In recent weeks, companies developing cell-based fish and shellfish have been drawing attention as they tout their offerings and expand their businesses globally. San Diego-based BlueNalu will introduce lab-made finfish to Europe through a collaboration announced in September with British frozen food distributor Nomad Foods.
The same month, Hong Kong-based Avant Meats inked a deal with Singapore’s Bioprocessing Technology Institute to improve the economics of its cultivated fish production.
In June, Wildtype opened a tasting room adjacent to its San Francisco pilot plant, where it has been offering bites of lab-grown, sushi-grade salmon.
These moves reflect a growing interest in alternative, biotech-derived fish. The need for sustainability has brought them to the fore: Of all the seafood consumed in the world, about half is raised in aquaculture and the other half is wild caught.
Some species of wild-caught fish may contain mercury, microplastics and pollutants from environmental contamination; stocks are being depleted by the impact of climate change on ecosystems and overfishing.
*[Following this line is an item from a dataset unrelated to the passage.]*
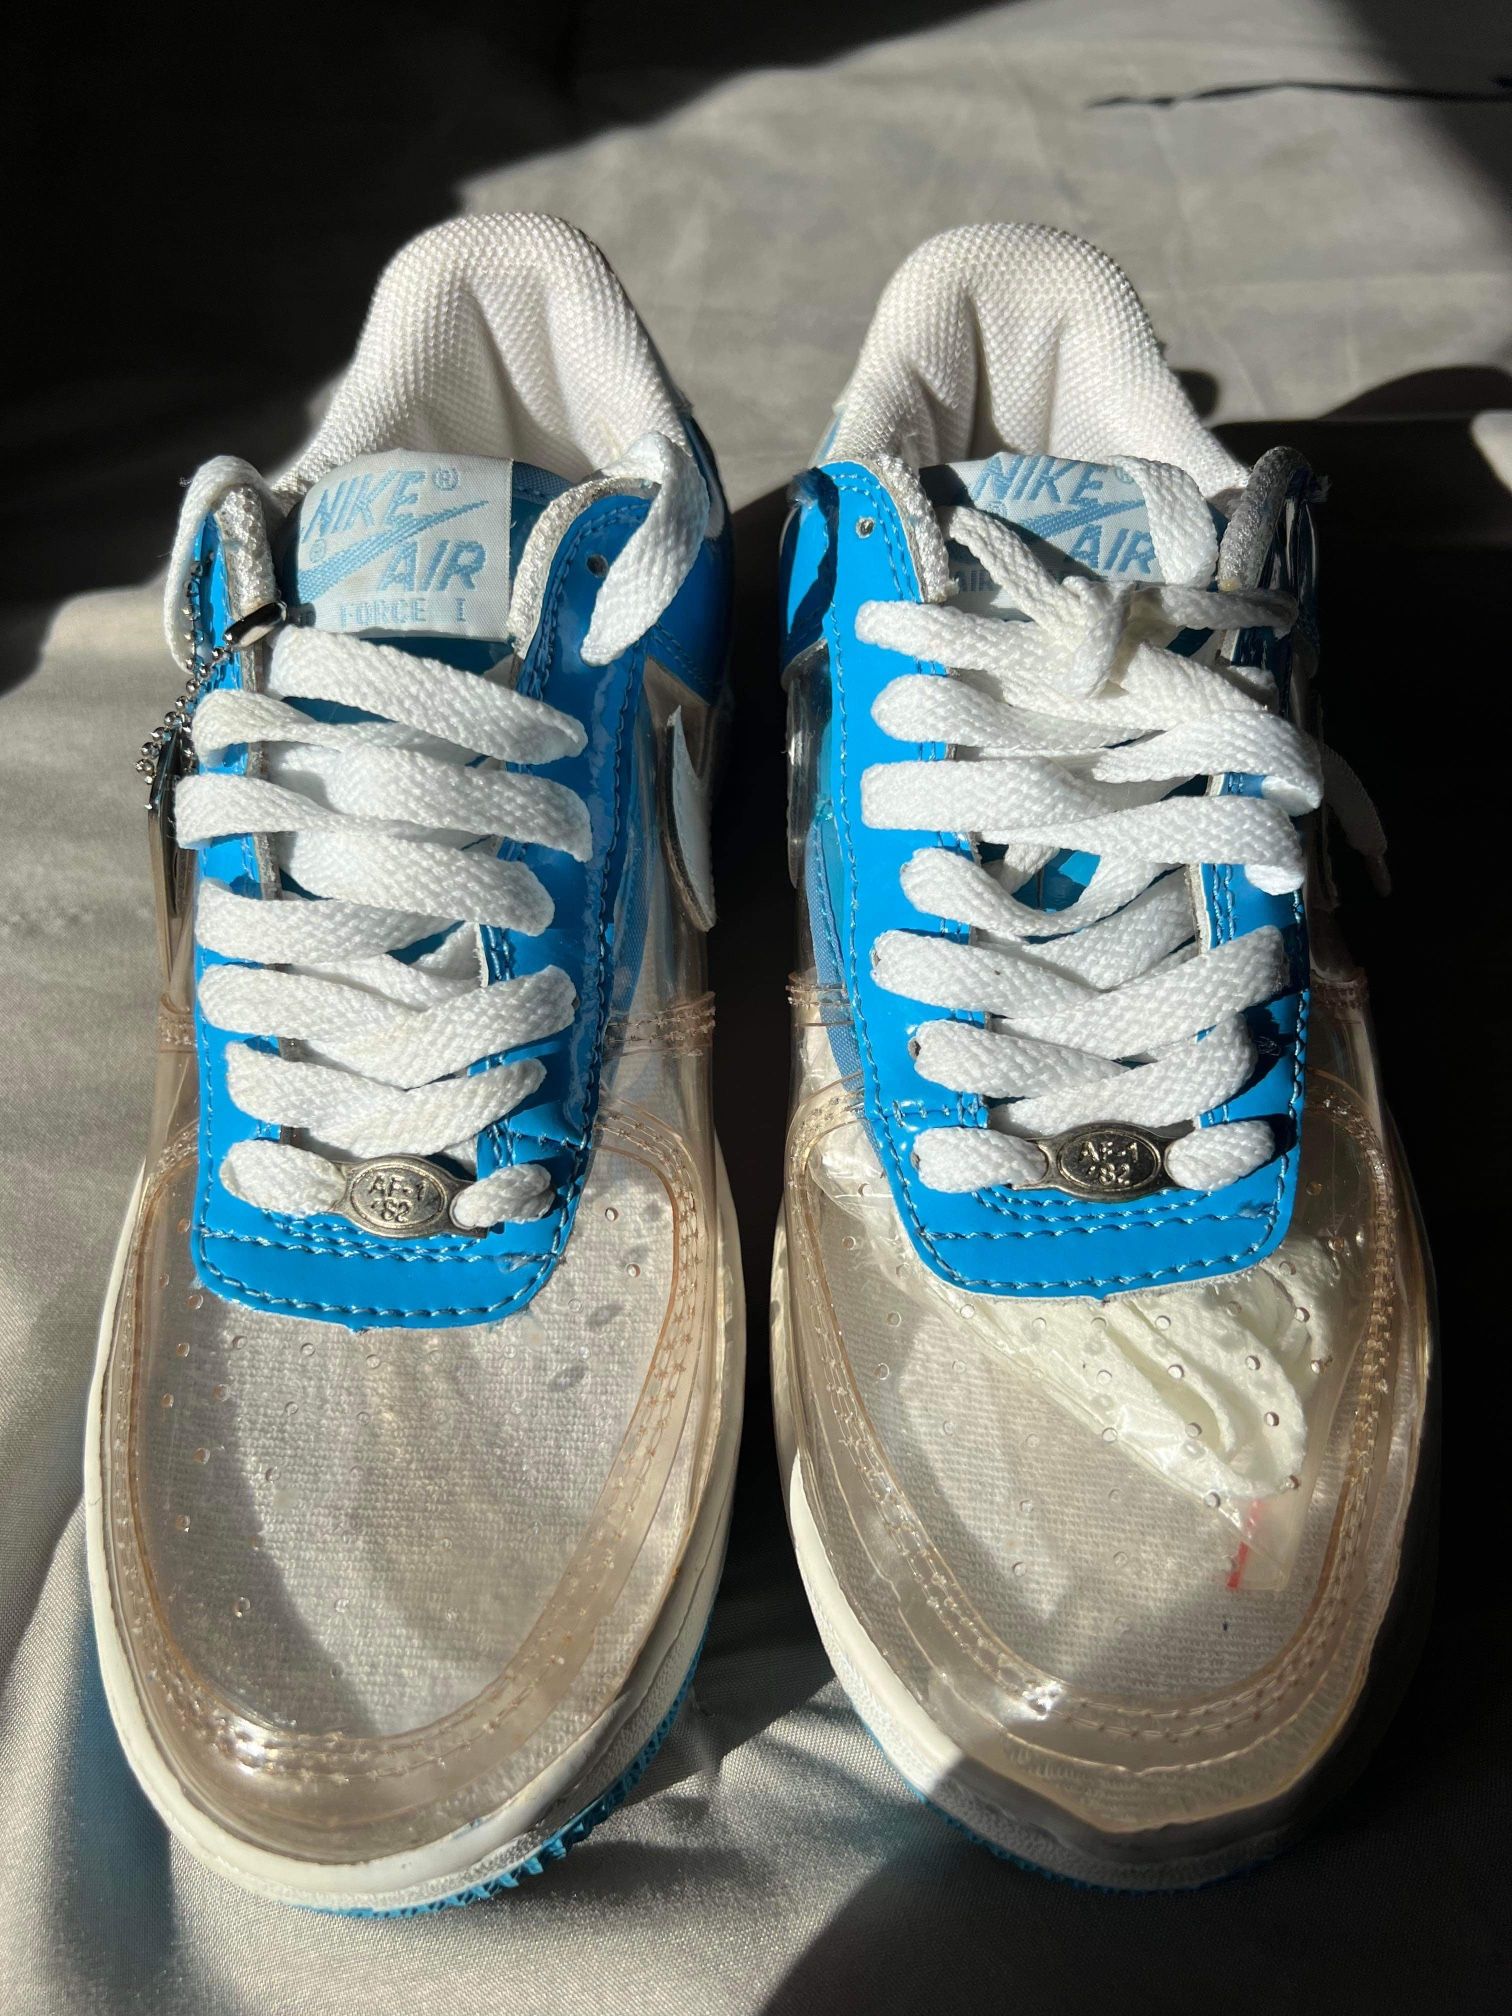 LV Air Force 1s for Sale in Newport News, VA - OfferUp

The harvest of wild-caught seafood cannot be increased sustainably, and yet the global population and its demand for protein continue to grow.
“So, we’ve got to come up with a lot of different ways to address these challenges,” says Kevan Main, associate vice president for research at Mote Marine Laboratory and Aquarium in Sarasota, Florida. “I believe that cell-based seafood is going to be one of those opportunities.”
Of the companies exhibiting various prototypes or scaling up production, BlueNalu is among the closest to market. In addition to its partnership with Nomad Foods, BlueNalu has partnered with Mitsubishi in Japan, seafood producer Thai Union in Thailand, and wellness food company Pulmuone in South Korea to develop market strategies in Asia for BlueNalu’s products.
Cell-based seafood – derived from commonly consumed fish (for example, salmon and tuna) or shellfish (for example, crustaceans such as shrimp and crab) – is also known as cultured, cellular or in-vitro seafood. It is derived from the tissue of an aquatic species, but has never been part of a live, swimming animal.
The flesh is made in the laboratory by harvesting cells from a small number of donor fish or shellfish and culturing them in a bioreactor. For three-dimensional tissues like fillets, an edible, biocompatible scaffold is needed to provide structure for cell growth and maturation.
The resulting lab-made meat, a mix of mostly muscle and fat cells, tastes similar to the live-caught version, but has none of the animal ‘waste’: no bones, no scales, no eyeballs.
The strategy has already been applied to and commercialised in the in vitro culture of other kinds of meat, including beef, chicken and pork. Indeed, dozens of companies are developing cell-based terrestrial meat and a few of them have racked up over a hundred million dollars each in venture capital. Chicken developed by Eat Just became the first cultured meat to reach the market when Singapore’s regulators in December 2020 approved its sale.
Singapore and other global regulators will likely supervise the in-vitro cultivation of fish using the same criteria and pathways they use for chicken and beef. The United States, however, makes a distinction. Both the US Department of Agriculture (USDA) and the Food and Drug Administration (FDA) oversee cultivated terrestrial meat, but for cultivated fish, the FDA will have sole jurisdiction. That rule applies to all seafood except catfish, as a result of some political history.
So far, cultured seafood has lagged its terrestrial counterparts. According to the Good Food Institute, which tracks and advocates for the cultured meat industry, there are only about 14 companies in the world developing this kind of seafood.
The gap is, some biologists contend, due to a research bias towards terrestrial species. “It’s amazing to me how far advanced the science is with land-based animals,” says Main at Mote. “I think it’s because it’s easier: they’re right beside you, you can access those resources, and you can see what’s going on really easily. Whereas with seafood, everything’s happening in the water, so you have to first understand how to make things work in that aquatic environment,” she says.
Research on terrestrial meat also benefits from a relatively narrow selection of species. “When we’re talking about chicken, we are talking about one type of product with a specific flavour,” says Reza Ovissipour, an assistant professor at Virginia Tech specialising in food safety and cellular agriculture. Each seafood species, however, has its own flavour, texture, and cell line that requires a unique set of parameters in which to grow.
And developing cell lines from these species can prove elusive. Scientists start by harvesting adult or embryonic stem cells from the species of interest. They then look for cell lines that are self-renewing, stable from generation to generation, and can differentiate into muscle, fat and connective tissue.
The goal is to establish an immortalized cell line that continually regenerates on its own, eliminating the need to go back to the donor species.